(Stored items from a collection)
-*-

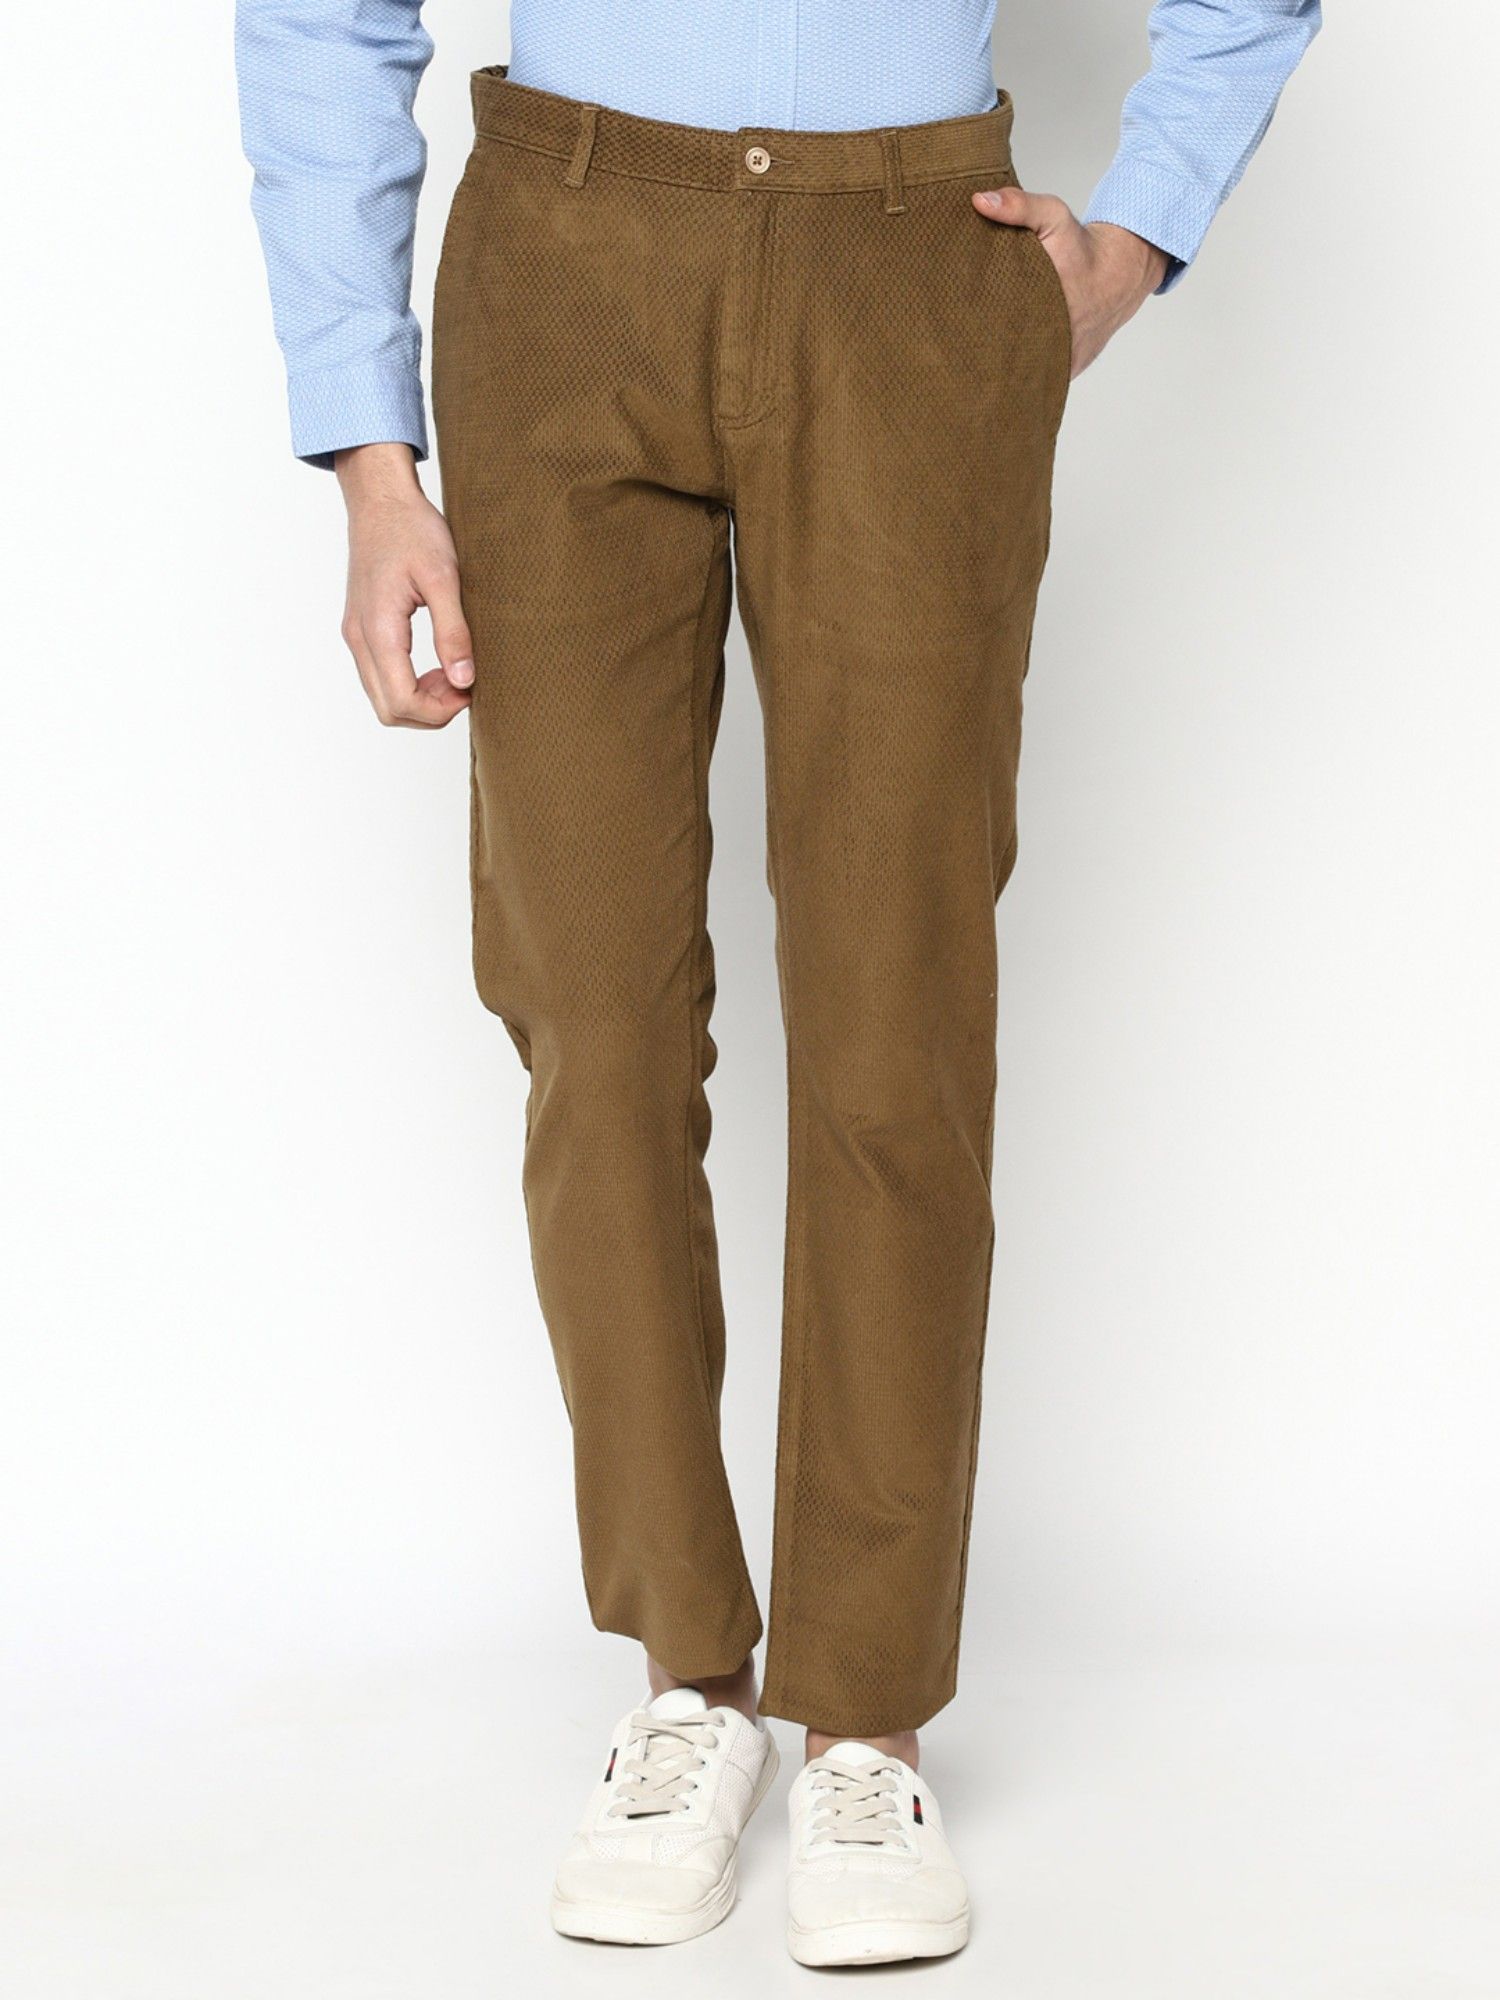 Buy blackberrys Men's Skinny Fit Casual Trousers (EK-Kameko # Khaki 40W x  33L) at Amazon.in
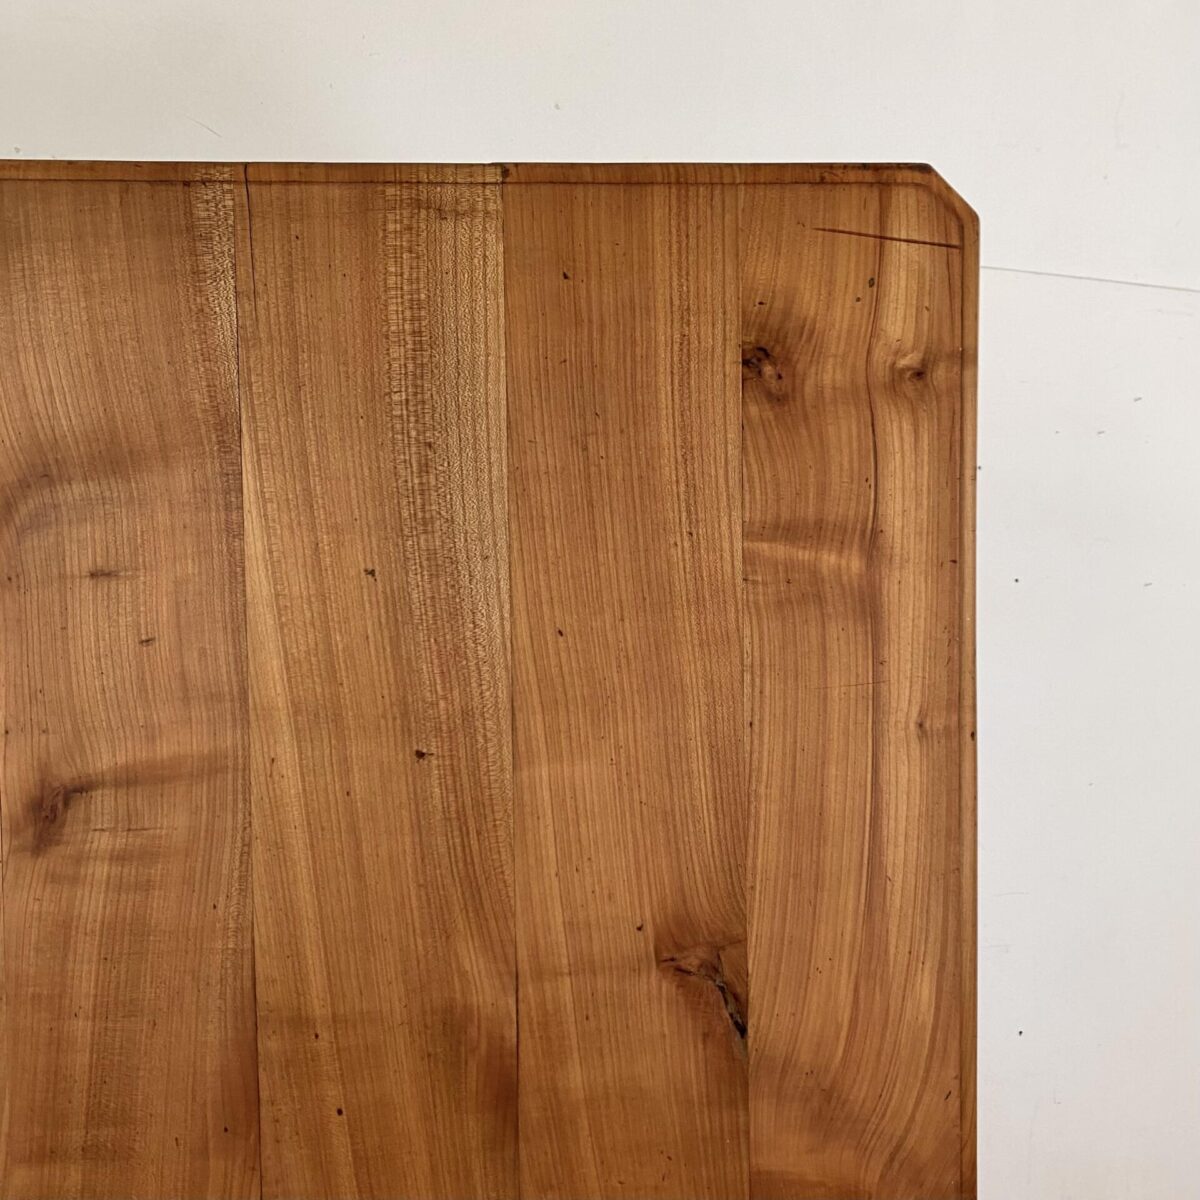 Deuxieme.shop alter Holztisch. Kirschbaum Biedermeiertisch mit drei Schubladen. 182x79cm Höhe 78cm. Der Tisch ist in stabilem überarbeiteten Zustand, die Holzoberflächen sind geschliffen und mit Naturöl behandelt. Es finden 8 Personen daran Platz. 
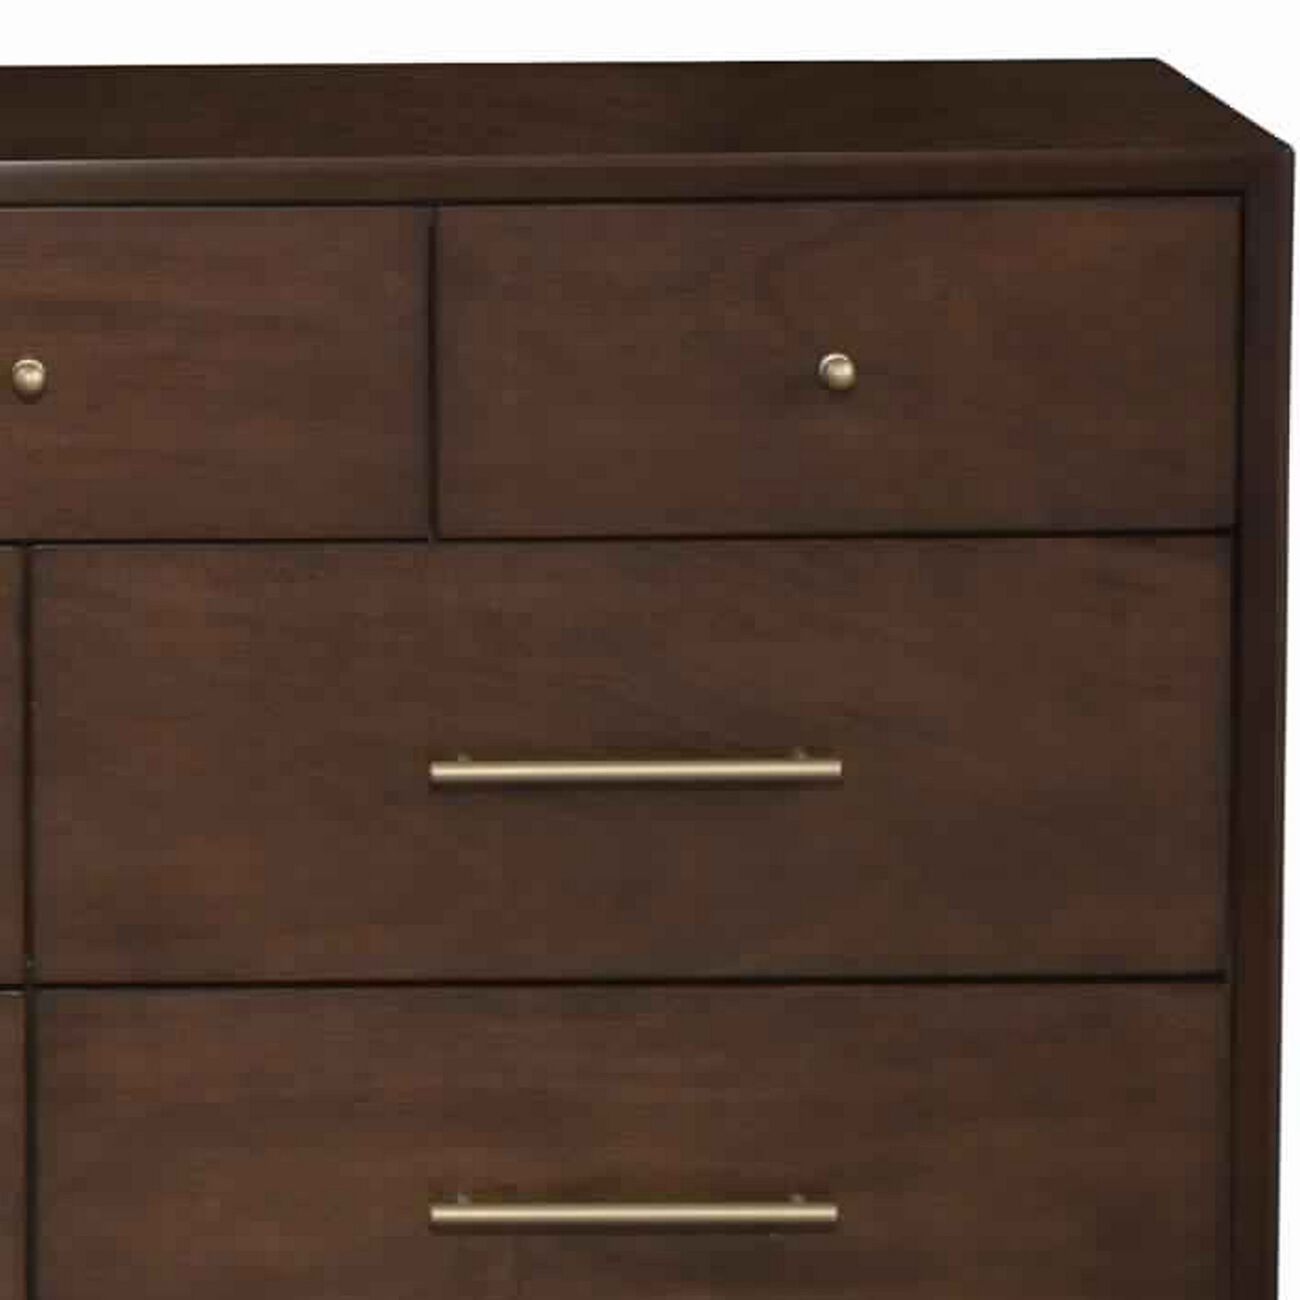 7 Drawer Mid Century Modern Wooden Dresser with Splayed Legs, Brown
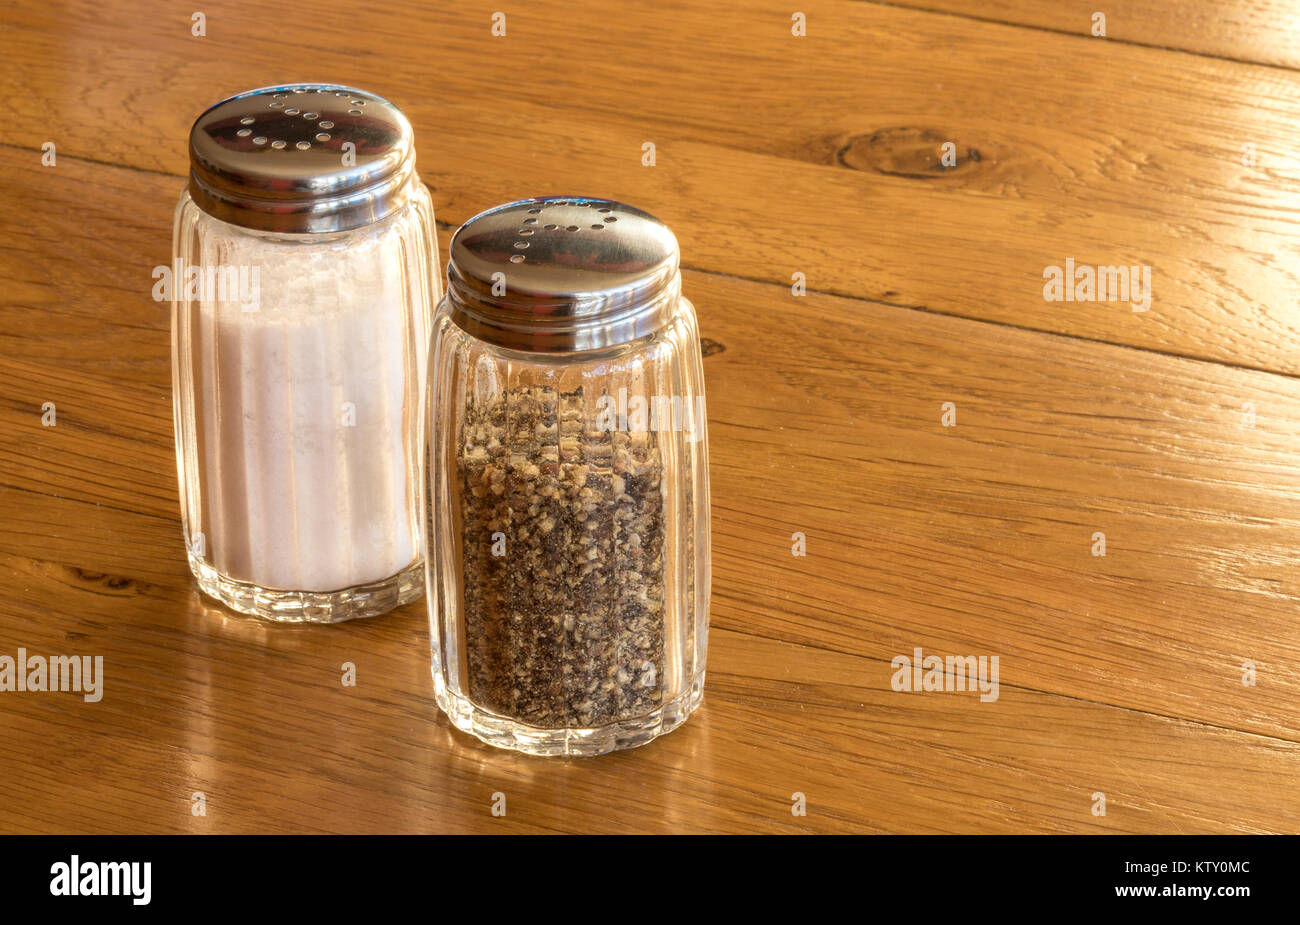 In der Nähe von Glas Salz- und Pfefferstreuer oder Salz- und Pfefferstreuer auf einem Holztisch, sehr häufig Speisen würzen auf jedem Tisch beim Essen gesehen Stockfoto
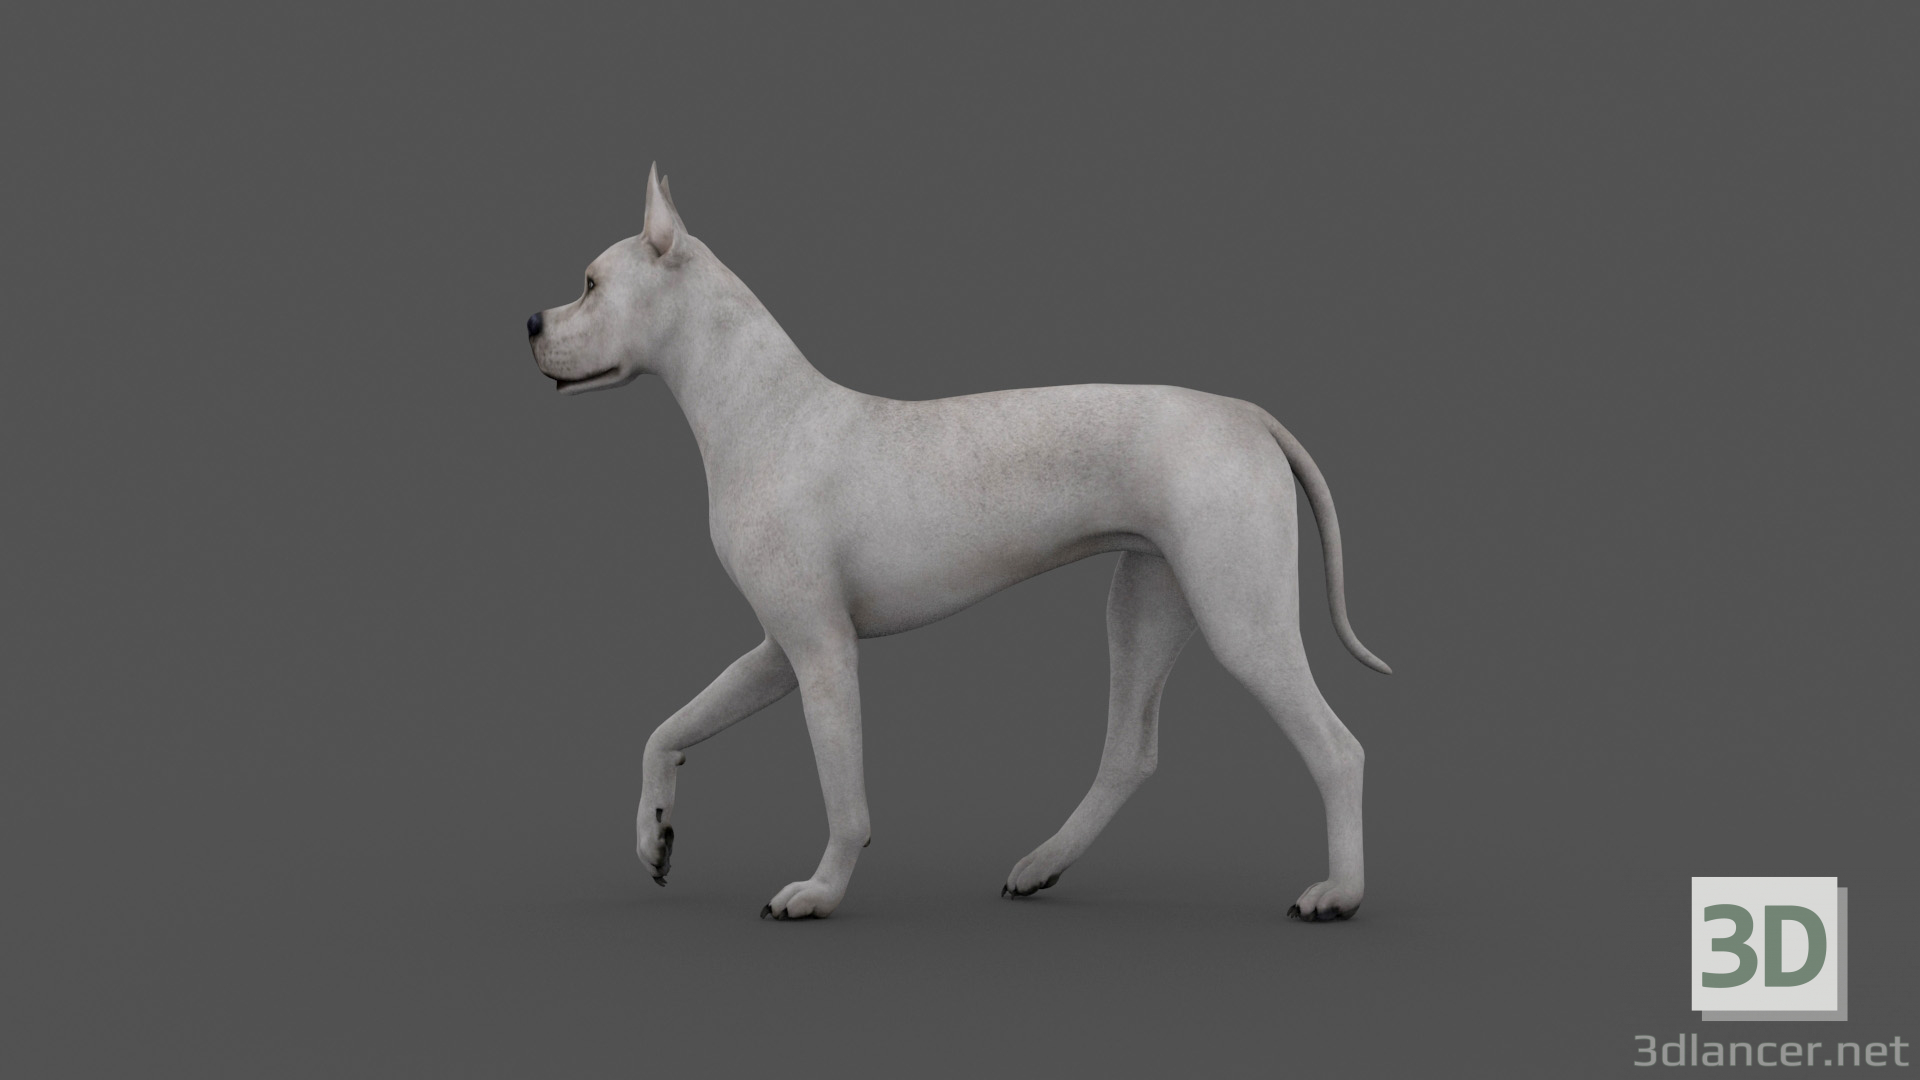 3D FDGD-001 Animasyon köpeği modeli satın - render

-*-

## DESCRIPTION OF THE TASK
In the data above, find the line containing "Deuxieme.shop alter Holztisch." and the line containing "7 Drawer Mid". Copy exactly the stretch from the first through the second, both included, leaving out any picture.

## ANSWER TO THE PROBLEM
 Deuxieme.shop alter Holztisch. Kirschbaum Biedermeiertisch mit drei Schubladen. 182x79cm Höhe 78cm. Der Tisch ist in stabilem überarbeiteten Zustand, die Holzoberflächen sind geschliffen und mit Naturöl behandelt. Es finden 8 Personen daran Platz. 
 7 Drawer Mid Century Modern Wooden Dresser with Splayed Legs, Brown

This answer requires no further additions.